FEIJÃO, SAMBA E CACHAÇA: A FEIJOADA ENCONTRA O BRASIL



A feijoada é considerada um dos símbolos culinários nacionais, mas sua história é bem mais antiga e de meandros mais complexos do que pode parecer à primeira vista.

O principal ingrediente desse prato, o feijão preto, teve seu cultivo iniciado pelos índios que habitavam nosso território e se diferenciava dos feijões europeu e africano. Os índios guaranis chamavam o feijão preto de comanda, comaná ou cumaná.  

O outro ingrediente sempre presente na farofa que lhe serve de acompanhamento, a farinha de mandioca também foi um cultivo indígena e de muito fácil acesso, a ponto de fazer parte da alimentação tanto dos índios, quanto dos africanos e dos europeus no Brasil.

Roças de feijão e de mandioca eram encontradas em diversos locais, como em torno das residências, especialmente das residências mais simples.

O feijão era um alimento de tão fácil acesso que fazia parte da alimentação dos escravos, na sua forma misturada com farinha de mandioca – embora alguns sustentem que a alimentação dos escravos nas senzalas era unicamente água com farinha de mandioca.

O prato em si é apenas uma derivação dos pratos europeus que tinham como base um caldo rico em sabor, onde ser cozinham a carne e outras partes dos animais, como pé e orelha de porco. Essa história pode ser traçada até milênios atrás. Segundo Câmara Cascudo, no Império Romana, na região do mediterrâneo, existiam pratos similares e prova disso são os diversos pratos latinos que seguem essa receita básica: cozido, em Portugal; cassoulet, na França; paella, na Espanha; casouela, na Itália.

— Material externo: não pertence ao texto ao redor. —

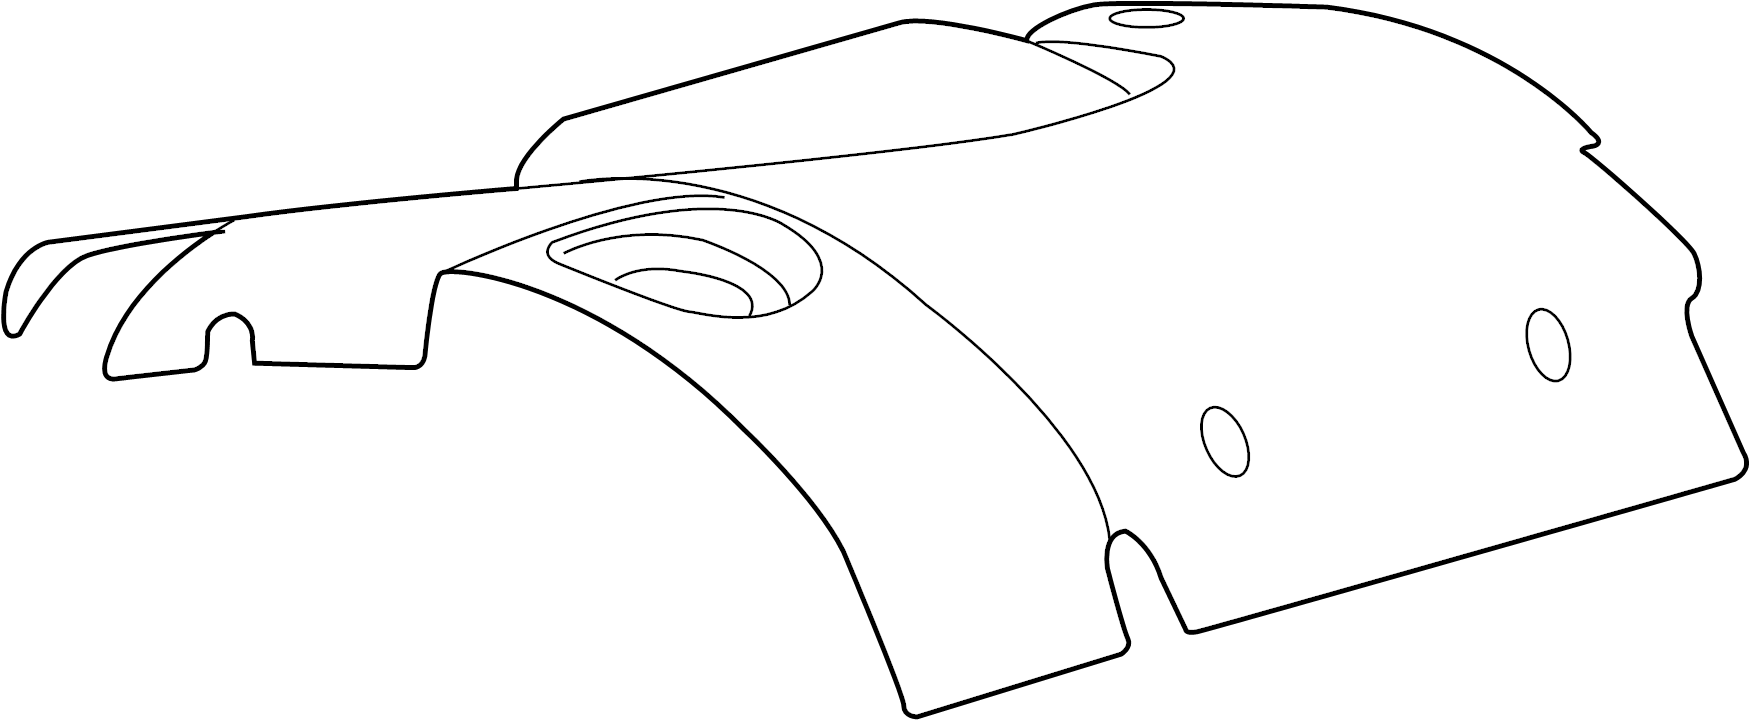 jaguar s-type cover - engine  engine cover  3 0 liter  rover  rear  land  front

Ao se utilizar feijão preto, partes de suínos, linguiça, a farofa de farinha de mandioca e os acompanhamentos à base de legumes e verduras, nasceu a feijoada.

Mas Carlos Alberto Dória entende que a feijoada é derivada de outro prato, o chamado “feijão gordo”. Este, seria um ensopado de feijão, toucinho e carne seca. Ao se acrescentarem linguiça, legumes, verduras e partes do porco, o feijão gordo assim enriquecido se tornou a feijoada.

Aliás, a antiga descrição da feijoada como prato originado da cozinha das senzalas caiu por terra quando Câmara Cascudo confrontou essa tese com o fato de que grande parte dos escravos trazidos da África era de religião islâmica, portanto proibidos de consumir carne de porco.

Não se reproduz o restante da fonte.